■ **What to work on**
Except for the images, repeat the entries below word for word.

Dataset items
· · · · ·
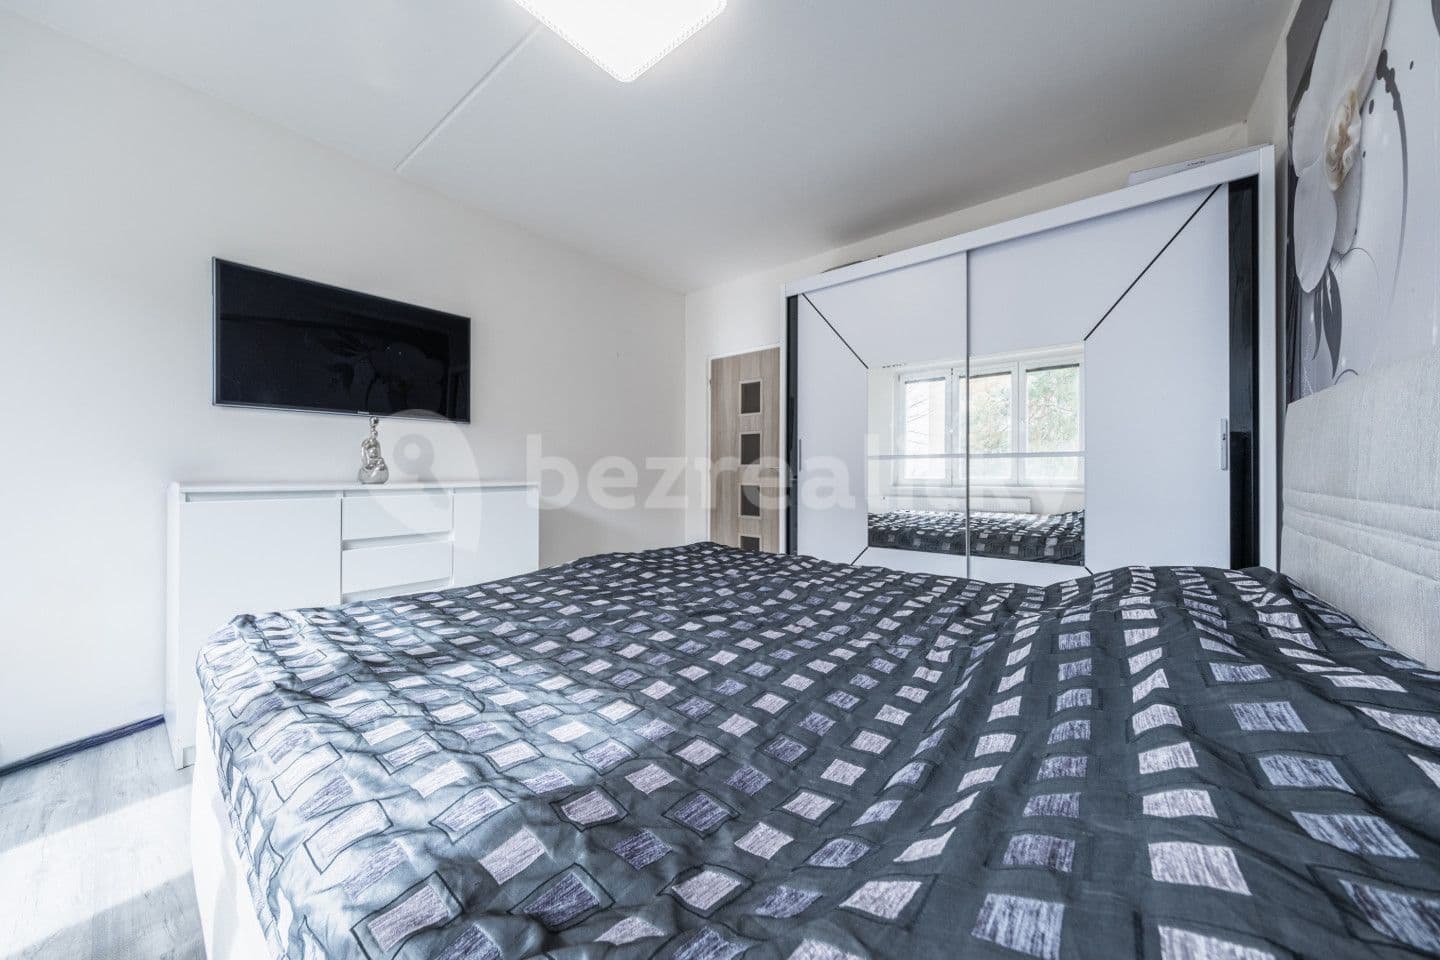 4 bedroom flat for sale, 79 m², Kamenná, Chomutov, Ústecký Region
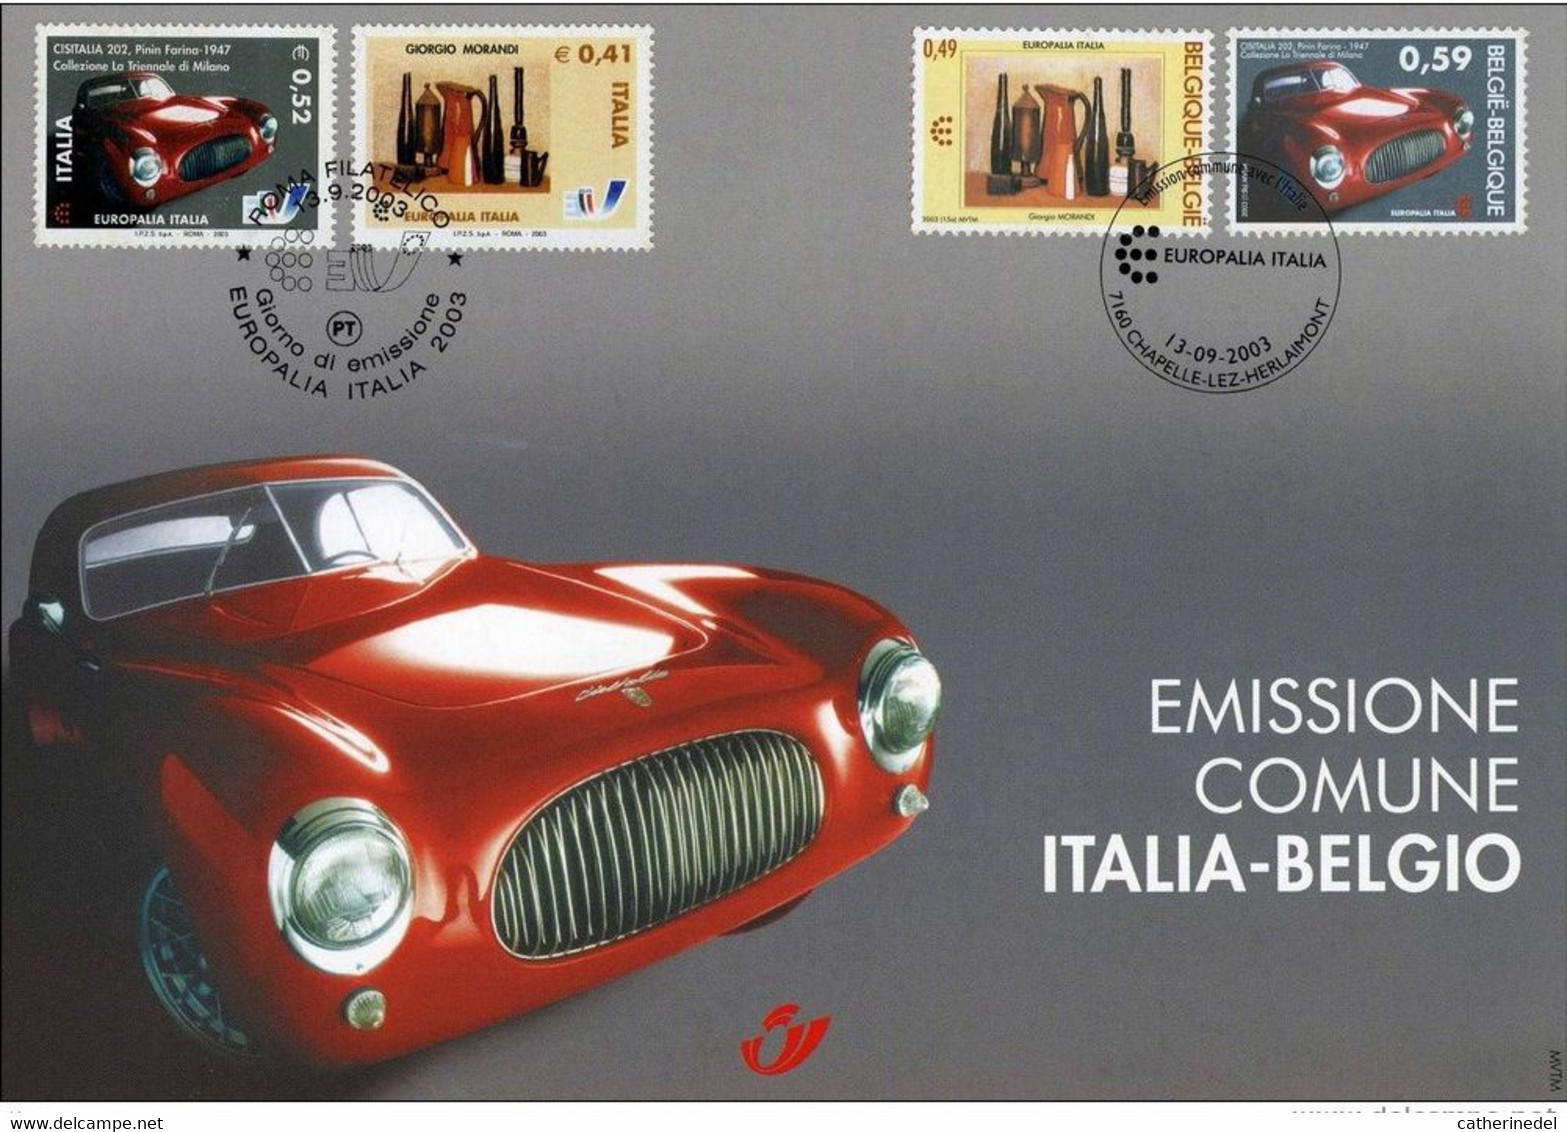 Année 2003 : Carte Souvenir 3205HK - Europalia Italie - Cartas Commemorativas - Emisiones Comunes [HK]
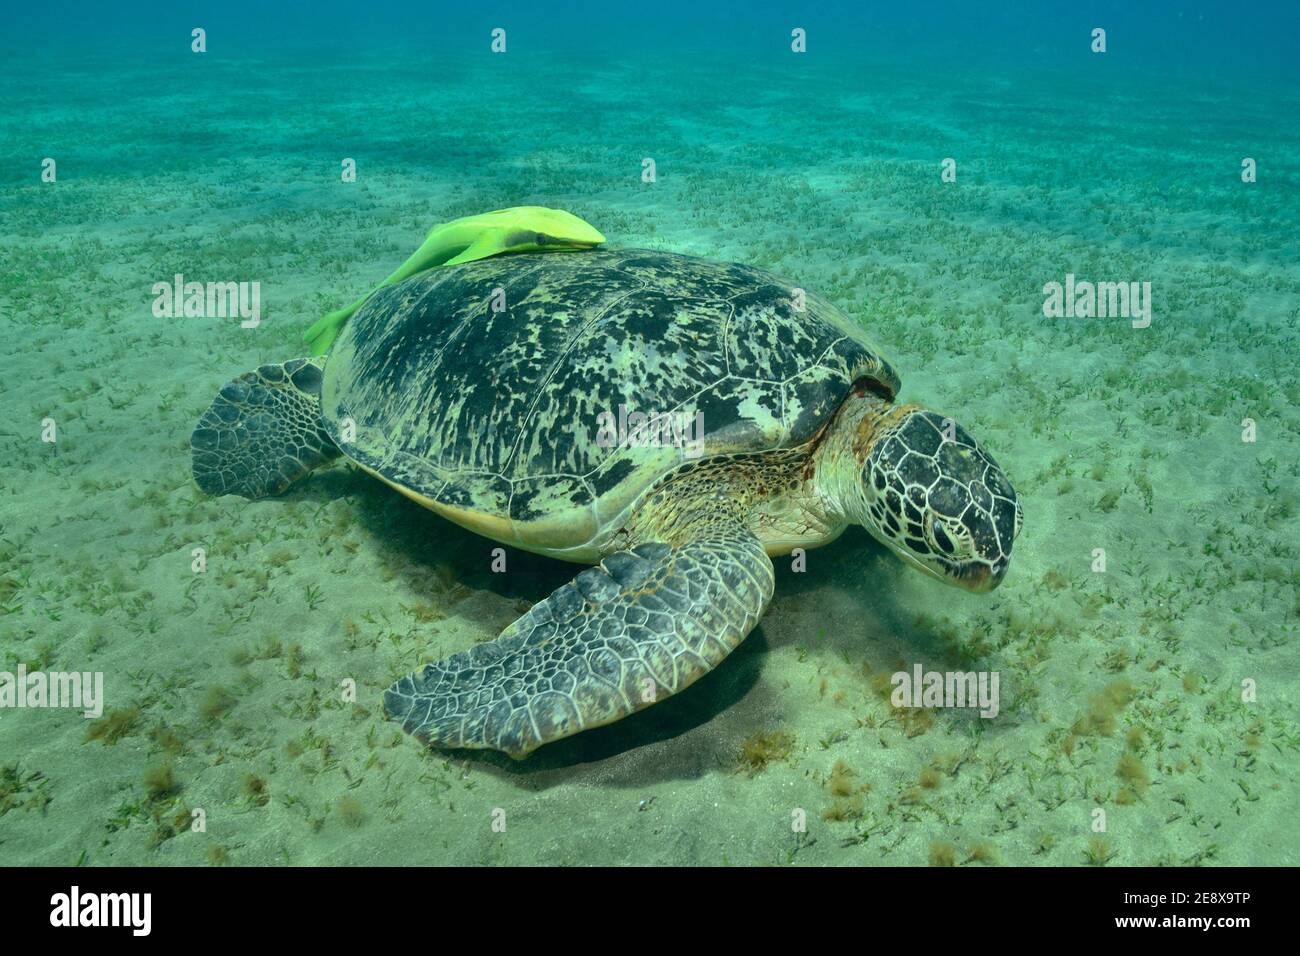 Chelonia mydas, Grüne Meeresschildkröte, green sea turtle, Echeneis naucrates, suckerfish, Gestreifter Schiffshalter, Stock Photo
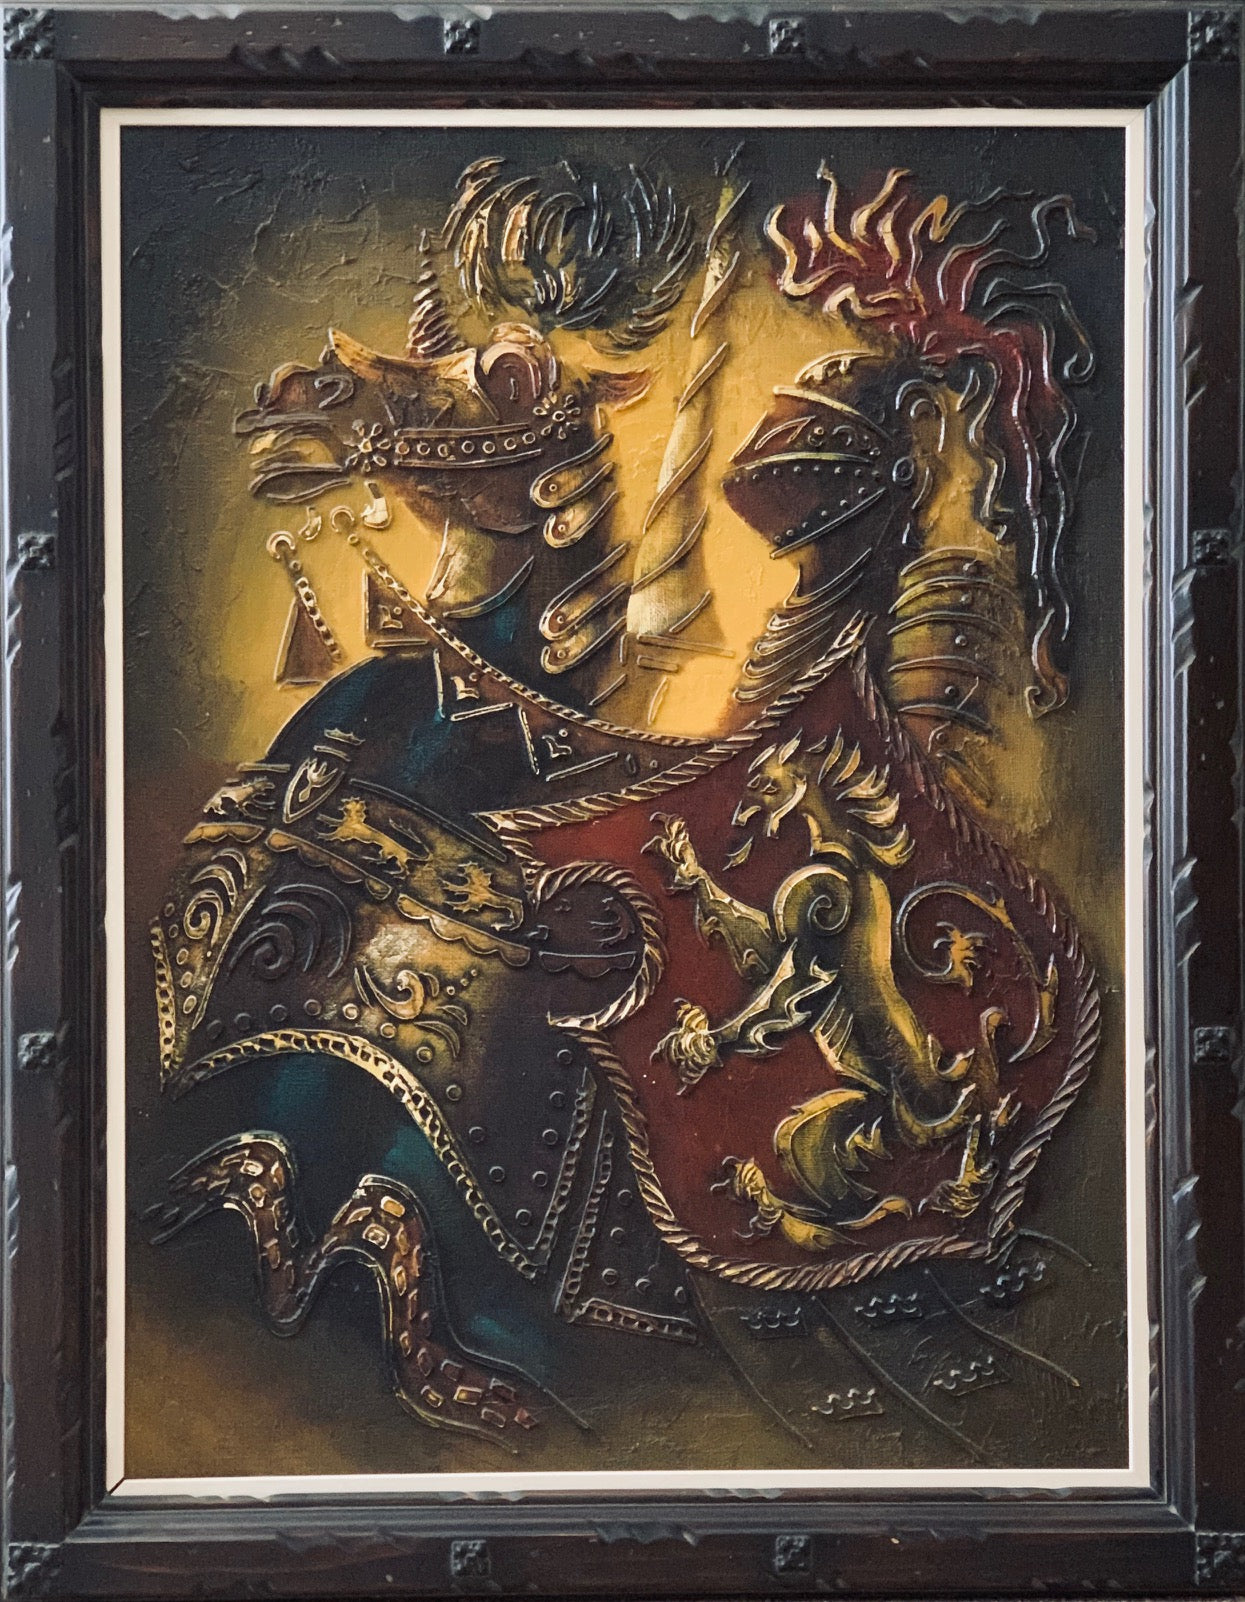 Elegant & Rustic - Painting of a Valiant Night Warrior
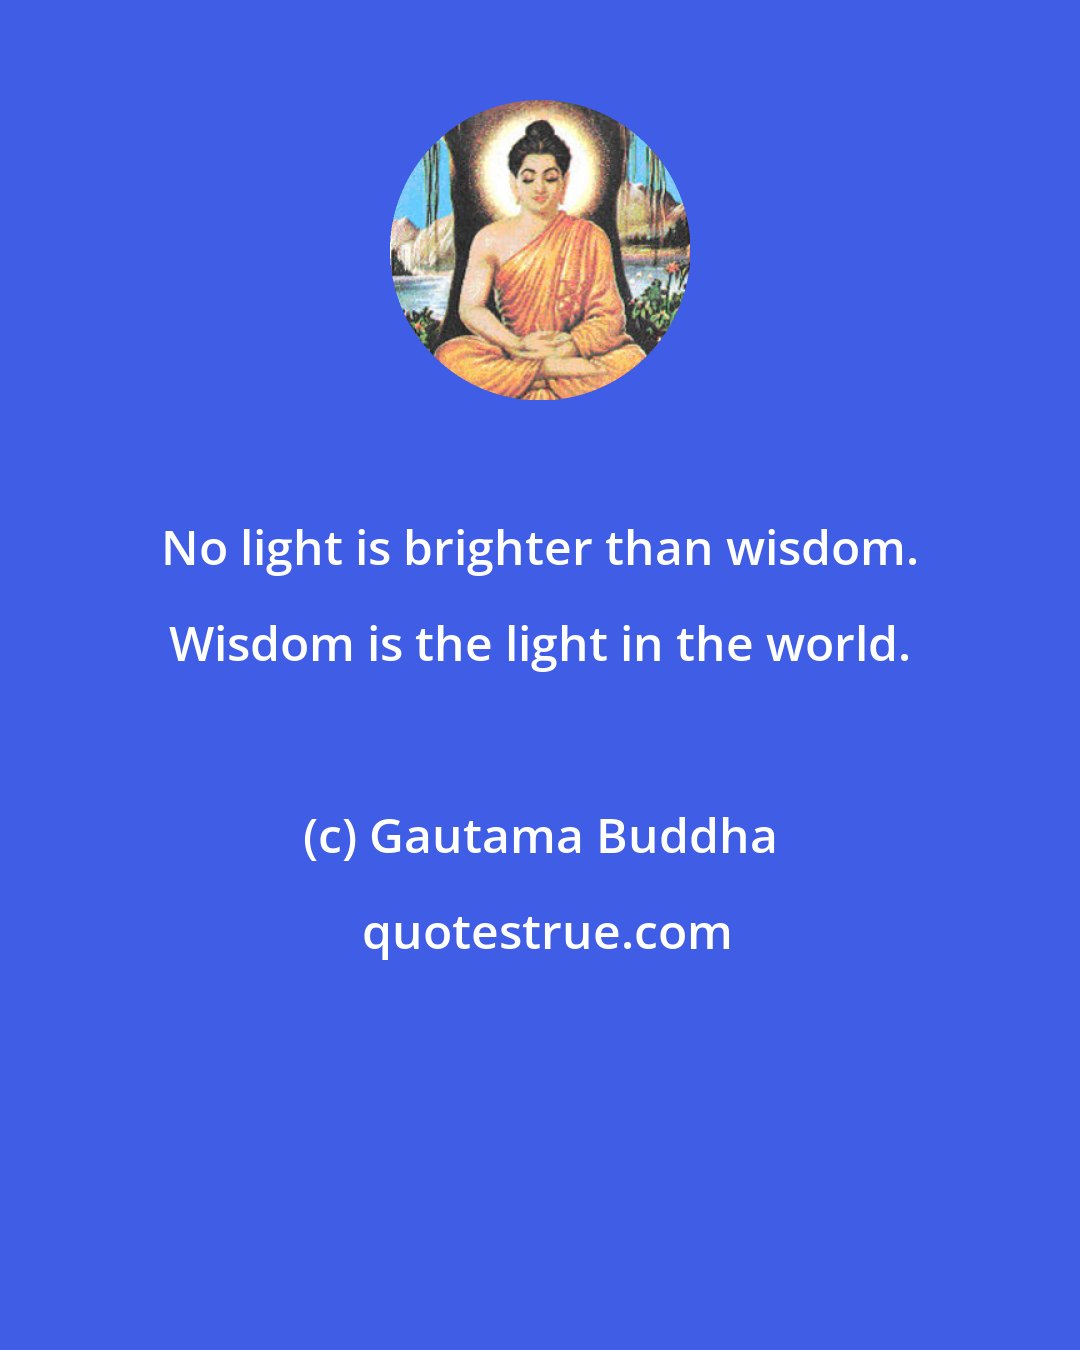 Gautama Buddha: No light is brighter than wisdom. Wisdom is the light in the world.
· · · · ·
■ **Written answer**
 4 bedroom flat for sale, 79 m², Kamenná, Chomutov, Ústecký Region
 Année 2003 : Carte Souvenir 3205HK - Europalia Italie - Cartas Commemorativas - Emisiones Comunes [HK]
 Chelonia mydas, Grüne Meeresschildkröte, green sea turtle, Echeneis naucrates, suckerfish, Gestreifter Schiffshalter, Stock Photo
 Elegant & Rustic - Painting of a Valiant Night Warrior
 Gautama Buddha: No light is brighter than wisdom. Wisdom is the light in the world.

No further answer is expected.